By the unit-circle definition of the sine and cosine functions, cos^2(theta) + sin^2(theta) = 1 for any theta.

Thus the magnitude of cos ( theta) i + sin ( theta ) * j is 1, for any value of theta.

note the importance of understanding the unit-circle definition of the sine and cosine functions

Problem 2:

The magnitude of 2 i + 5 j is sqrt( 2^2 + 5^2) = sqrt( 29 ).

The requested unit vector is therefore ( 2 i + 5 j ) / sqrt(29) = 2 sqrt(29) / 29 i + 5 sqrt(29) / 29 j.

To 2 significant figure this is .37 i + .93 j.

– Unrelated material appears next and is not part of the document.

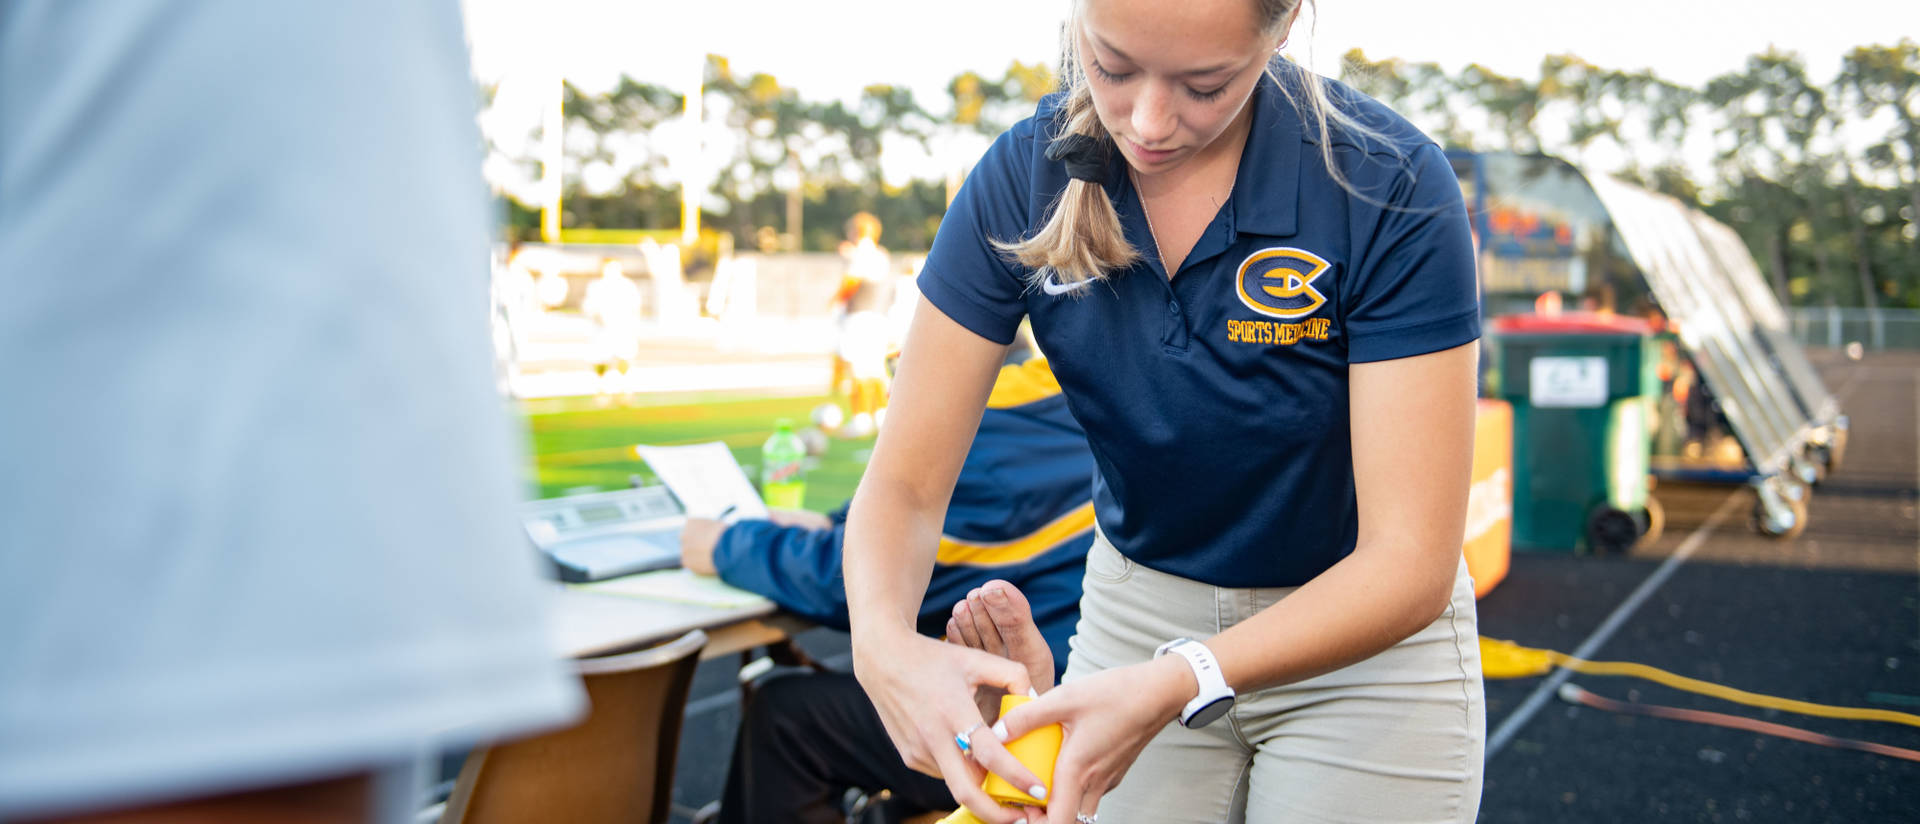 Student taping an ankle during a UWEC soccer game

If this is in the form cos(theta) i + sin(theta) j, then since two vectors are equal if an only their components are equal, we have

cos(theta) = .37 and

sin(theta) = .93.

We can sketch a unit circle, with the point (.37, .93) and a radial line to that point. We estimated that angle as about 70 or 80 degrees. Then plugging into our calculator we found that

theta = arcCos(.37) = 1.19.

We also find that

theta = arcSin(.93) = 1.19.

The two agree, which is a good thing because there is only one theta. There will be a slight difference in the results because we used two-significant-figure approximations for the components of the vector. The exact value of the angle would be arcCos(2 sqrt(29) / 29), which is exactly the same as arcSin(5 sqrt(29) / 29).

Equality of Two Vectors

Two vectors are equal if, and only if, all their components are equal.

So, for example, if A = 4 s i + 5 z j + (z - r) k and B = (z + r) i + 10 + 3 z k we have the following:

z + r = s, since the i components are equal

5 z = 10 since the j components are equal

z - r = 3 z since the k components are equal

This gives us three equations, which we can solve for the three unknowns to get z = 2, r = 4 and s = 6.

As another example where this principle is applied:

If u = - 4 i + 3 j and v = 2 i - 1/2 j, find the values of a and b such that a * 3 j + b * u = v.

We write the equation a * 3 j + b * u = v out as

3 a j + b ( -4 i + 3 j) = 2 i - 1/2 j. We simplify the left-hand side to obtain

-4 b i + (3 a + 3 b) j = 2 i - 1/2 j. Setting the i and j components equal we get

-4 b = 2 and

3 a + 3 b = -1/2.

We easily solve this system, obtaining b = -1/2 and a = 1/3.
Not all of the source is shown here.